Stockstill first got into the business when “Shy People,” starring Barbara Hershey and Jill Clayburgh was being filmed in South Louisiana. He had a pump company at the time and when the film company had trouble with one of their fog-producing machines, he was called in.

“I fixed it and they kept me on,” he said.

“Shy People” was released in 1987.

From there he and wife Lavonne went to California, where they learned the trade. Then it was on to jobs in Wyoming, New Mexico, Arizona and more.

“I never did one in New York, but I was in Michigan once,” he said.

But he’s always lived in South Louisiana, in fact, except for 13 years in DeRidder, he’s always lived in St. Martinville.

Former films

Stockstill and company were last in Shreveport doing the special effects for “a Stephen King monster movie” titled “The Mist,” one of about a half-dozen movies currently being filmed in and around Shreveport.
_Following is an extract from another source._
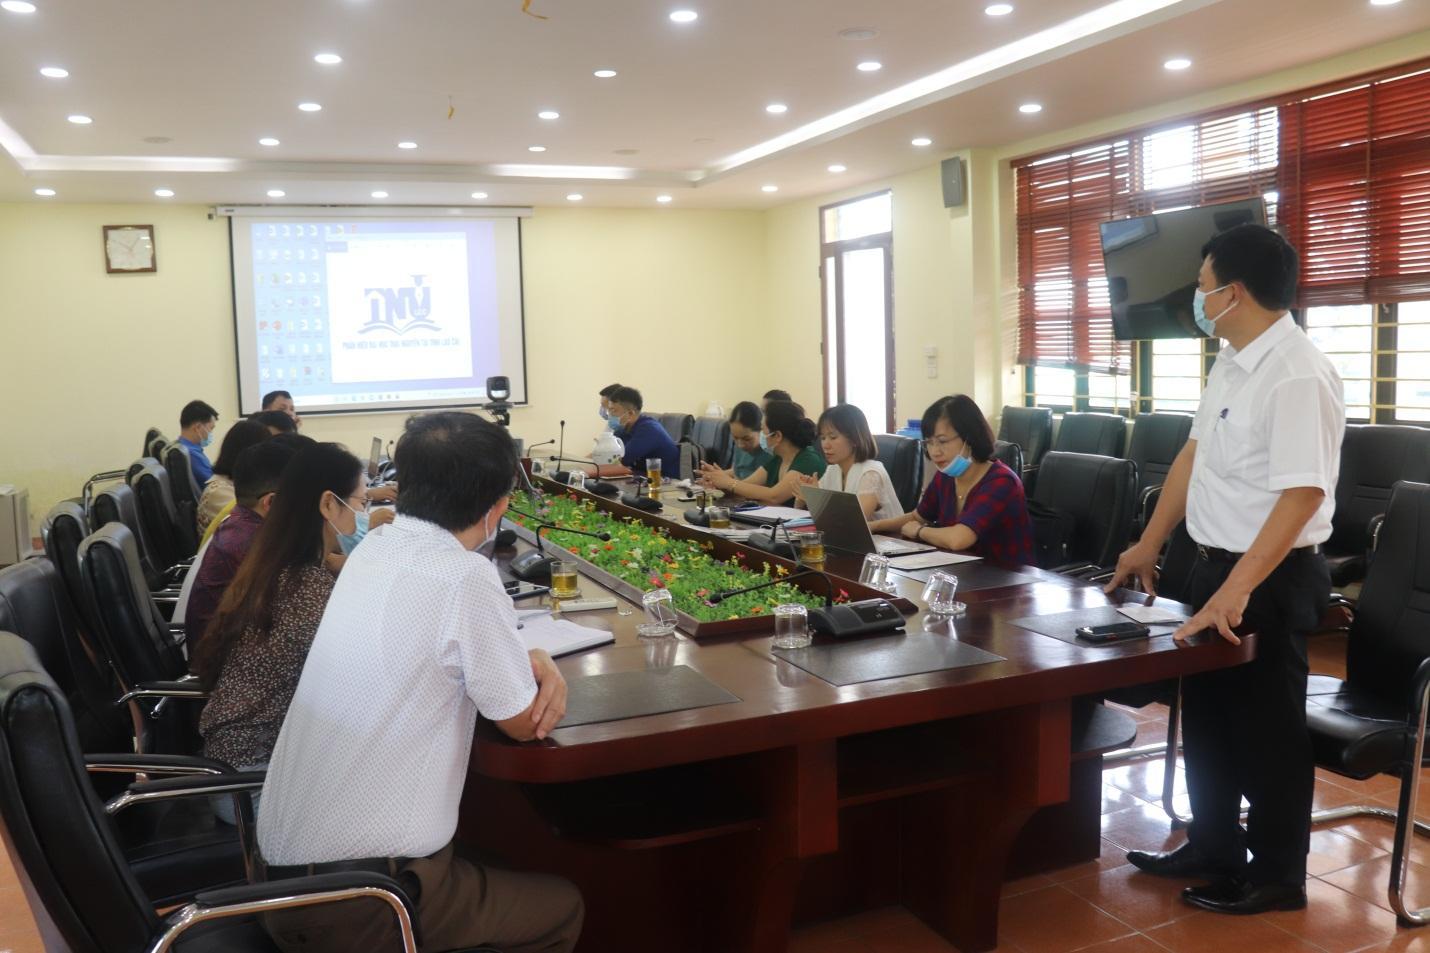 Tổng kết, trao giải Cuộc thi thiết kế logo, slogan  về Phân hiệu Đại học Thái Nguyên tại tỉnh Lào Cai
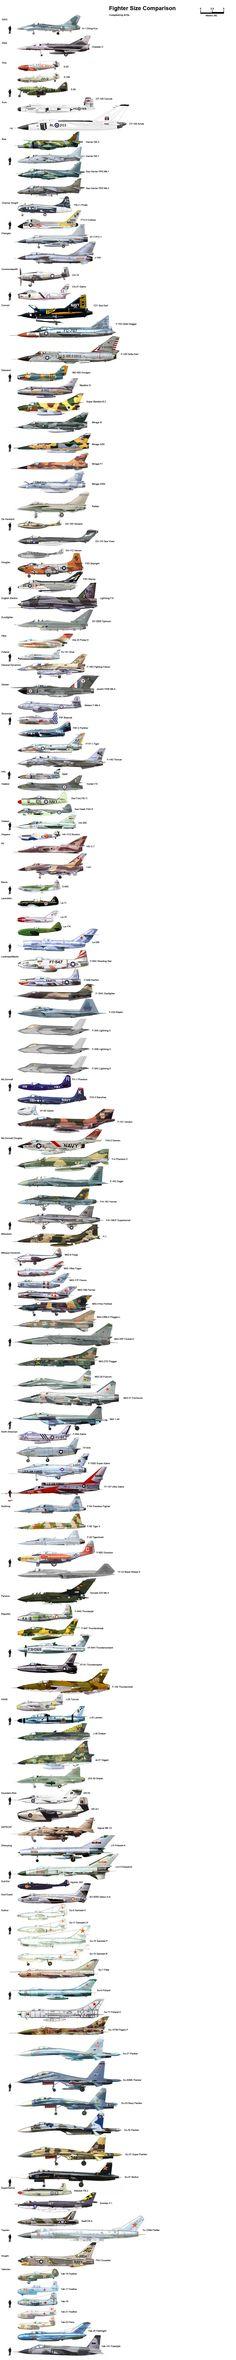 Comparatifs de la taille d'avions de chasse et d'hélicoptères - La boite verte

“We’ve done so many things on so many projects, it would be hard to pick out a favorite or a most unusual,” he said. “But there was this one time in Denton, Texas ...”

Stockstill and crew were doing the effects for “The Prodigy” when the script called for a rain scene from a seven-story building.

“The temperature went from 45 to about 16 degrees in three or four hours,” Stockstill said. “We were up there pumping the rain but when it was hitting the sidewalk it was turning to ice.”

Stockstill said he remembers his daughter — the company, at one time or another, has been a family organization — telling him that she couldn’t feel her left leg.

“She was wearing layers of clothes and, somehow, her jeans inside the slicker got wet and froze solid,” Stockstill said. “I had to bring her back to the hotel room and help her pull the frozen pants off. I hit them on the table to break up the ice. “She put on a dry pair and went back out to finish the shoot.”

Stockstill’s son, Ian, also worked that film with the crew and said he remembers one of the camera booms freezing in mid-swing during that particular scene.

“The Prodigy” was a relatively low-budget film, but the elder Stockstill said it did provided one of his most memorable effects.

“There were a lot of bullet hits in that movie — more than 200,” he said. “One of the scenes was in a pool hall and they wanted a bullet to strike the cue ball and make the cue ball jump over another ball and sink yet another ball.

“It took some time, but it happened.”

Stockstill’s Web site, neilsfx.com, lists nearly 40 feature movies, television movies and programs, music videos and other projects that he’s been involved with, but it’s not a complete list.

“My daughter started that and it hasn’t been updated in a while,” he said.

Filming in Louisiana

Since the Louisiana Legislature enacted film incentives in 2002, the economic impact of film-industry spending in the state went from $7.5 million in 2003 to $344 million in 2005, according to a report from Economics Research Associates in Chicago.

The 2006 figures are still being calculated.

The movie-industry spending created more than 13,000 jobs by 2005 when 23 feature films were shot in the state, according to the research.

“Louisiana’s always been a pretty popular place to film movies, but it wasn’t until recently that the people of Louisiana began to benefit from them,” Stockstill said. “The state passed all these incentives, it’s time to use them.”

Louisiana offers filmmakers a generous tax incentive — a tax credit equal to 25 percent of a studio’s in-state spending and an additional 10 percent of the payroll of Louisiana residents employed for production.

“These production crews used to come in here and hire everybody out of L.A.,” Stockstill said. “My whole crew (for this film) is from St. Martinville and a lot of people out there are from around here.”

Right now, Shreveport seems to be “the hub” for productions, Stockstill said. “But I hear they’re building a big stage/studio in Baton Rouge, so look for activity in this part of the state to pick up.”